ZenHub is in the middle of a structural realignment with GitHub. The April 2025 Epics-and-Projects-to-Sub-issues migration restructured the core data model on top of GitHub's sub-issue primitive, replacing Roadmap with Timeline and unlocking deeper hierarchy. The Fall 2025 release added a Zenhub MCP Server connecting Claude Desktop, Claude Code, Gemini CLI, Cursor, and Windsurf to ZenHub, plus universal API access. Recent shipping has focused on Goals & Planning panel polish (drag-and-drop, deep hierarchy, performance) and shared Saved Views with workspace defaults.

◆ Where it's heading

Two parallel arcs are visible. First, ZenHub is doubling down on its GitHub-native moat — moving the data model on top of GitHub primitives (sub-issues, projects, issue types) means its differentiation gets stronger as GitHub itself improves rather than weaker.

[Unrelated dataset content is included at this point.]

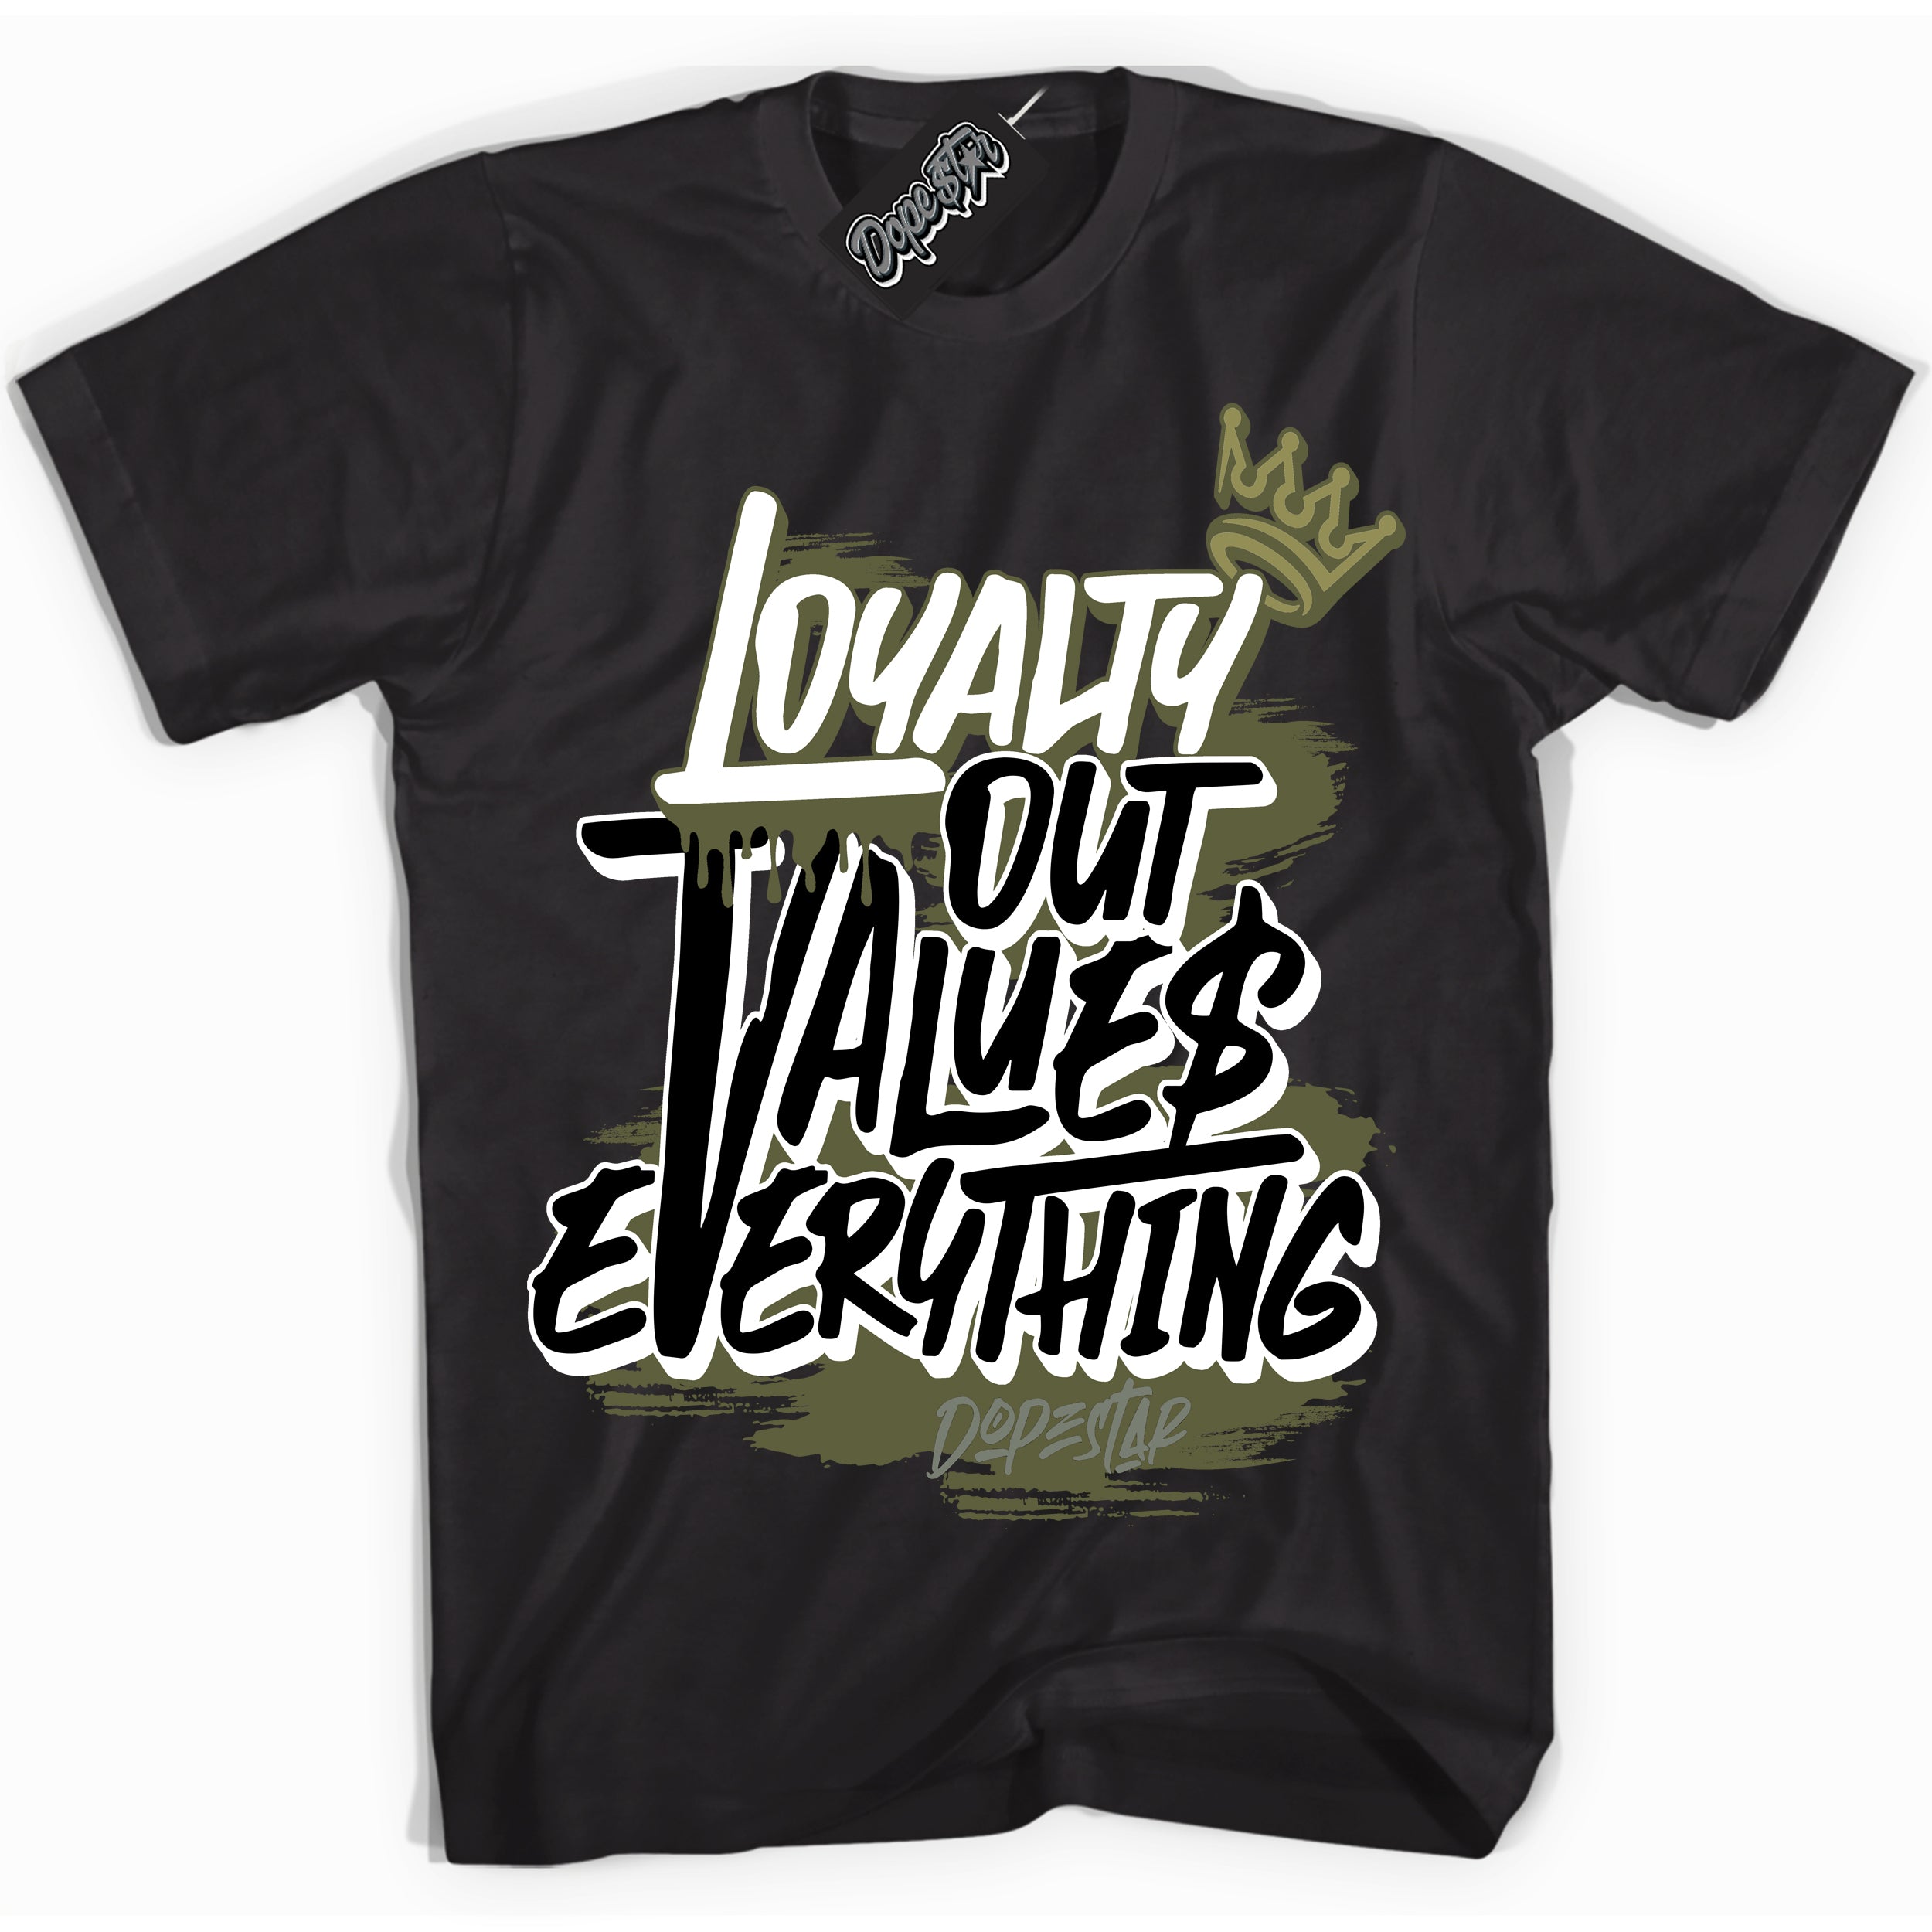 Cool Black Shirt with “ Loyalty Out Values Everything” design that perfectly matches Craft Olive 4s Sneakers.

Second, it's deliberately positioning itself in the AI-coding-tool ecosystem via MCP, betting that PM context belongs in the same surface developers already use. The May 2025 GitHub permissions update (the first scope change in 11 years) signals that even mundane plumbing is being modernized.

◆ Prediction

Expect tighter integration between MCP and the Goals & Planning hierarchy (agents that can plan a sprint, not just answer questions), additional AI-client coverage as new IDE-side MCP hosts emerge, and continued GitHub feature parity as GitHub adds more native PM primitives.

O7.5

OpenProject leans into Jira migration and agile parity while absorbing a sustained bug-bounty wave

◆ Current state

OpenProject is shipping aggressively across five maintained release branches simultaneously. 17.4 promotes the Jira Migrator out of feature-flag status with basic custom-field migration, and 17.3 reshapes the agile primitives — dedicated sprint objects, all action board types moved into the free Community edition, in-place project attribute editing, nested groups. The codebase is also absorbing a continuous stream of security disclosures (CVE-2026-44731 through -44736, GHSA-r85r, GHSA-hh5p, others) from an EU-sponsored YesWeHack bug bounty, with backported fixes landing across 16.6.x, 17.0.x, 17.1.x, 17.2.x, and 17.3.x on the same day as the headline release.

◆ Where it's heading

The dual focus — Jira parity (custom-field migration, sprint objects, flexible backlogs) and a deliberate Community-edition expansion (all action boards now free) — reads as a coordinated squeeze on Jira during Atlassian's Cloud-only migration push. The bug-bounty volume is unusual for a project this size and suggests OpenProject has crossed into enterprise-credibility scrutiny; the response pattern — same-day backports five branches deep — shows the maintainers treating security disclosures as cross-branch events by default.

◆ Prediction

The next minor release will likely round out the Jira Migrator — workflow and automation migration are the obvious next pieces given custom fields are now beta-complete. Continued public bounty intake will keep producing authorization and IDOR fixes; expect another coordinated cross-branch security cut within weeks.